Frances Sjoberg
September 26, 2009
Recitation for Marlon Evans
from his self-introduction in Red Ink
Taking a poem from beginning to end
With a story in between
In a non-Indian world many times
I was the only brown-skinned person around
With a story in between
My poetic approach is to ensure to the audience
I was the only brown-skinned person around
I tell stories with very uncomplicated language
My poetic approach is to ensure to the audience
The Tumamoc Hill hiking experience
I tell stories with very uncomplicated language
At 4 a.m. in the morning
The Tumamoc Hill hiking experience
To the east, the warm city lights of Tucson
At 4 a.m. in the morning
To the west, the overwhelming
To the east, the warm city lights of Tucson
I am seeking the dynamic within
To the west, the overwhelming
A discipline and environment
I am seeking the dynamic within
A sensitivity that will ignite a flashpoint
A discipline and environment
Emotion, passion, perception
A sensitivity that will ignite a flashpoint
In a non-Indian world many times
Emotion, passion, perception
Taking a poem from beginning to end
Hinge
the pluck (heart liver pancreas liver lung) of a brute
valve
the axis of the earth and by extension the four cardinal points
two movable parts upon each other
to me and more also if even
Nothing is higher than these mysteries . . . . They have not only shown us the way to live joyfully, but they have taught us how to die with a better
hope.
– Cicero, on the Eleusinian Mysteries at the Temple of Demeter
at the beginning of the barley harvest
and there I will be
exilic, of Moab
pray let me glean and gather
as the awn adheres to the rachis
entreat me not to leave you
hordeum spontaneum
such ploughings bestow
I draw off my sandal
the ground put in apt condition
I draw off my sandal
and give it to you, thus
where you die I will die
and here I will be accounted
less than nothing
here I will be accounted
emptiness, and more also if even death
parts me from you
the awn adheres to the grain
a great sound, a gratification
hordeum spontaneum, brittle rachis
may wind disperse this seed
a blessing in the midst of the earth
and wild there
and there I will be
Squall
:
Without saying anything else
The sky opens up and looses a pounding
As tympani upon the desert
The sky goes purple and looses a pounding weight of rain
As a means of insistence
On the desert floor the water flowing
Swift as a means of insistence
The storm of sound and light
More than becomes all but
::
An extended choral rest
Dust beat down from rain
A sharpness to the edge of color
Gray-green or blue-green still
The light strikes unallayed
Here is where the piccolo enters
From the hill of the saddest moment
The high pitch charming the stalk of a blue agave
The stalk as it rises more than a foot this morning
:::
A mourning dove atop the stalk leans into the sudden wind
The stalk a series of jerks
Recurring again and again
The mourning dove holds steady
A sudden wind again
On the desert at Sacaton, hallucination
On the desert at Sacaton, synesthesia
That basic ambiguity
The scent of a night blooming blossom
following Mary Leader, “Series as Opposed to Sequence”
Hinge
brass pin
together
held fast
let go
Frances Sjoberg was born in Sault Ste. Marie, Michigan and raised in Globe, Arizona. She holds a B.A. in English and an M.F.A. in Poetry.
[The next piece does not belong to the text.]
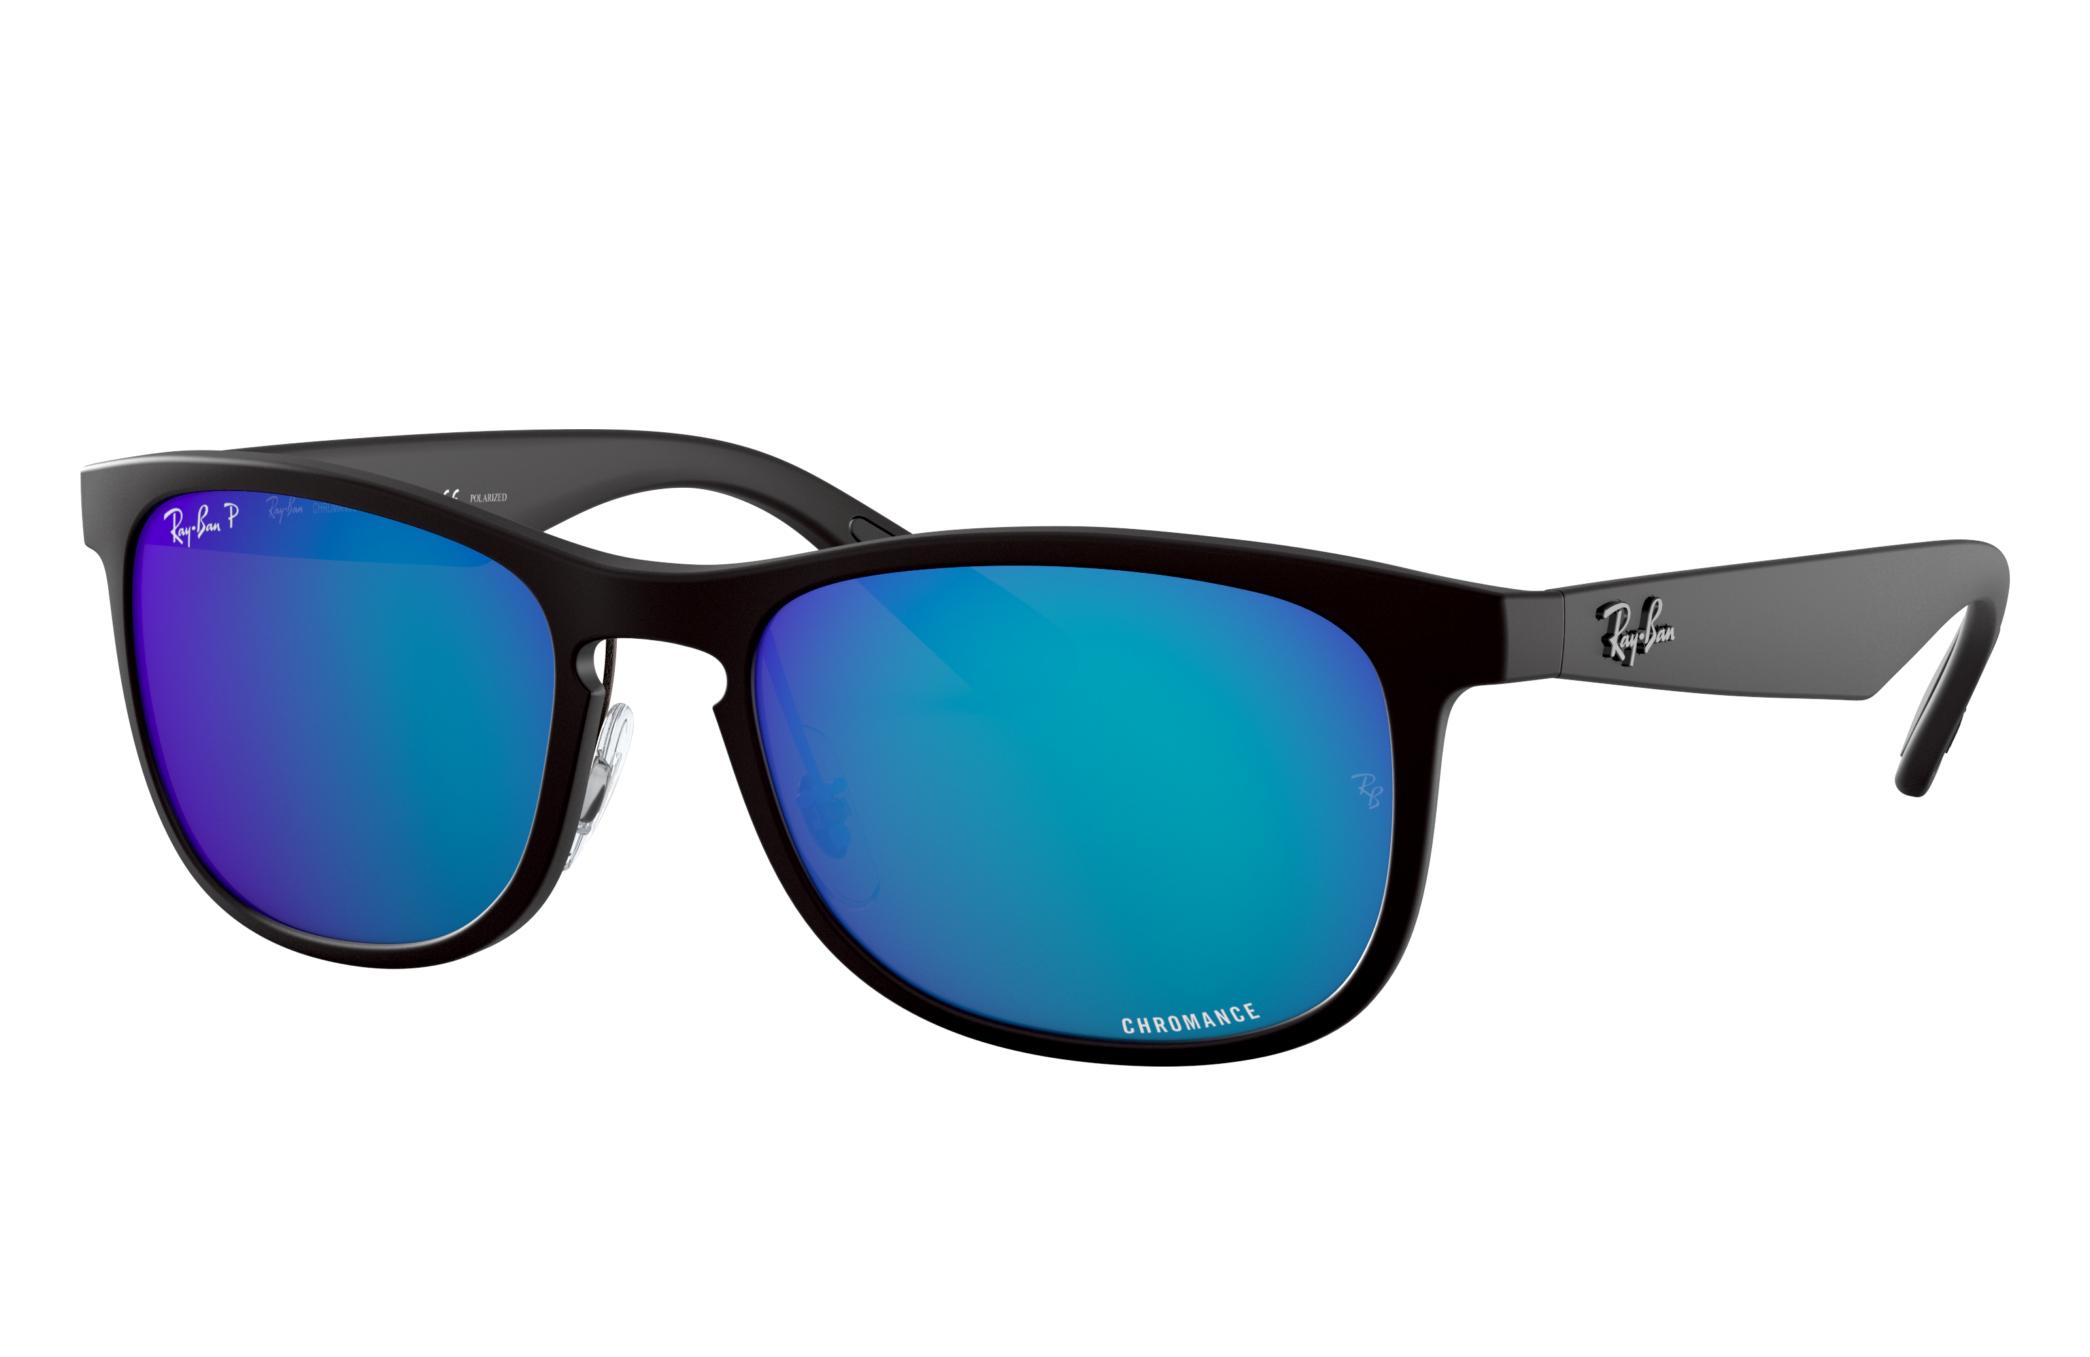 Ray-Ban Rb4263 Chromance Black, Polarized Blue Lenses - RB4263
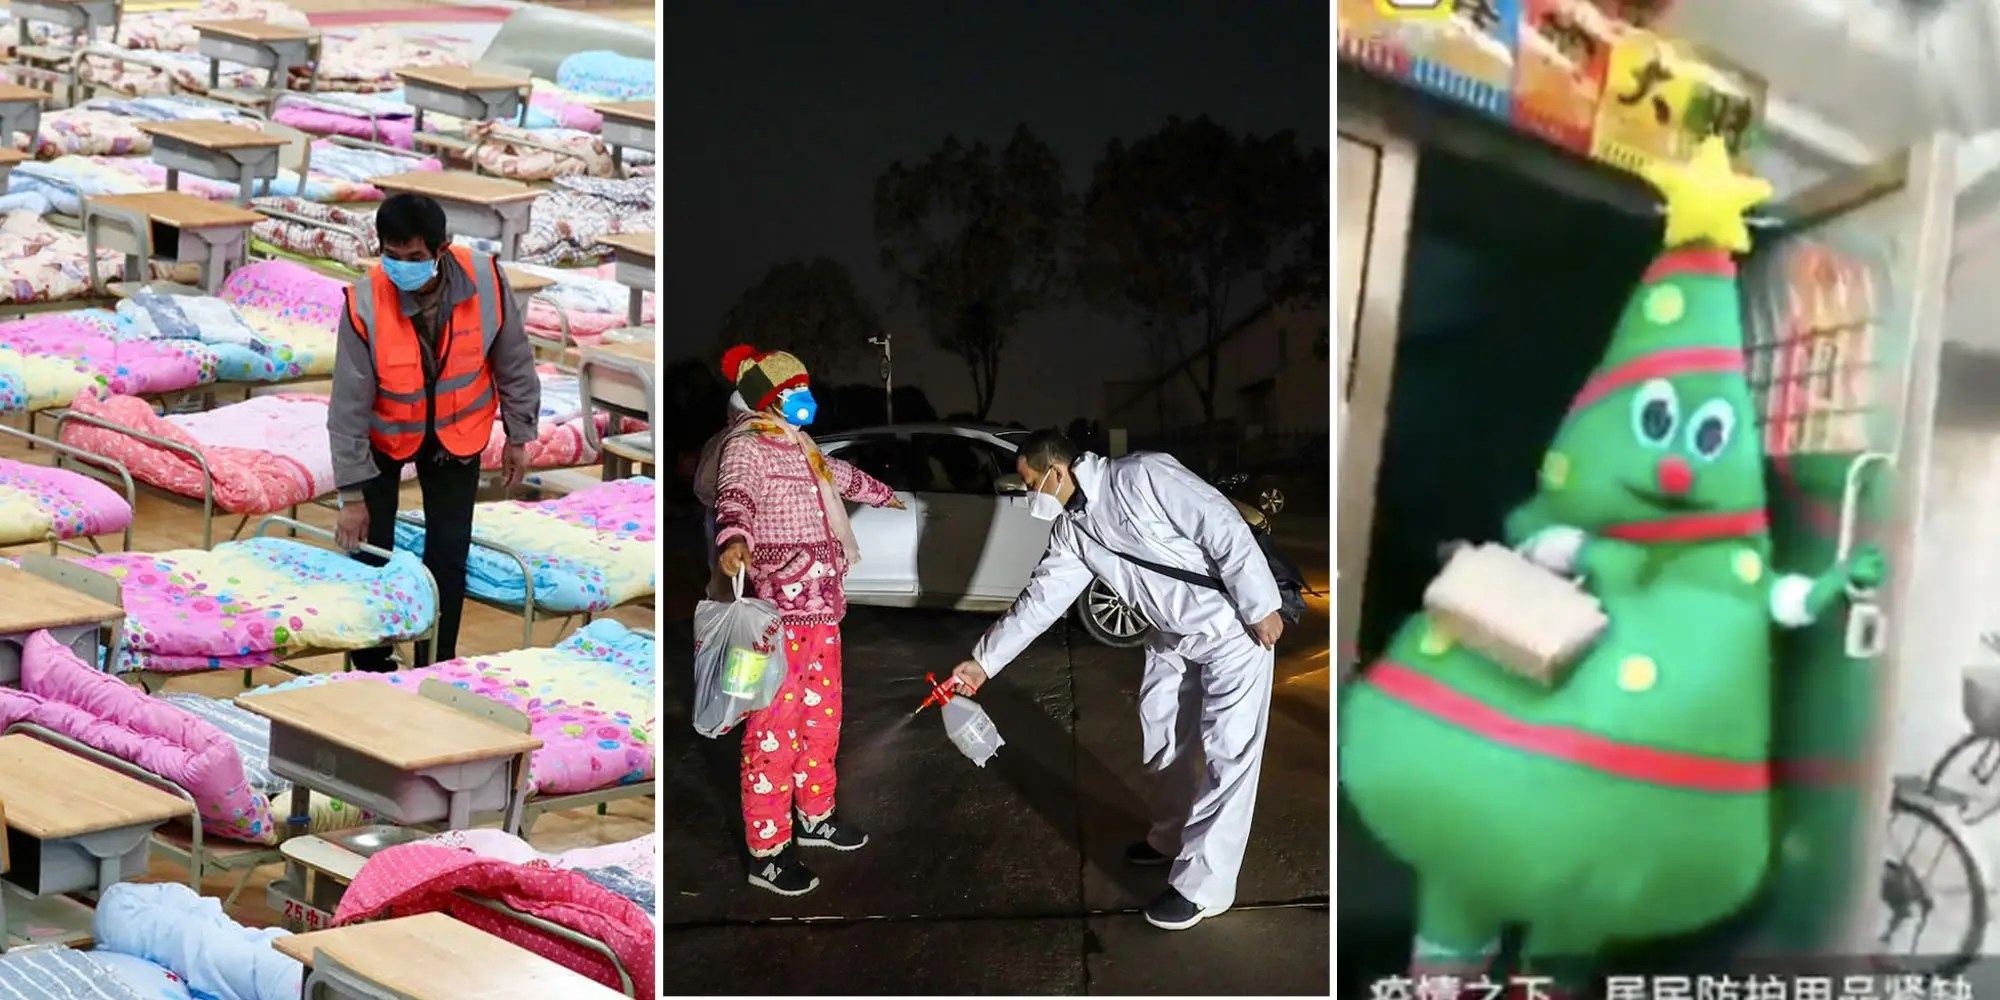 Wuhan coronavirus: What life is like inside quarantined Chinese ...

She is now a law student at the University of Arizona College of Law where she is Articles Manager for Arizona Law Review and Chapter President for the American Constitution Society for Law and Policy. Before law school, she was the Literary Director of the University of Arizona Poetry Center. While at the Poetry Center, she coordinated symposia on Indigenous Language & Poetry and on Conceptual Poetry & Its Others. A chapbook of her poems, Outcrop, was published by Chax Press. Her favorite things are silent Ks and homonyms.
Frances‘s friendship with Marlon extended from collaboration at the University of Arizona Poetry Center to early morning hikestogether on Tumamoc Hill.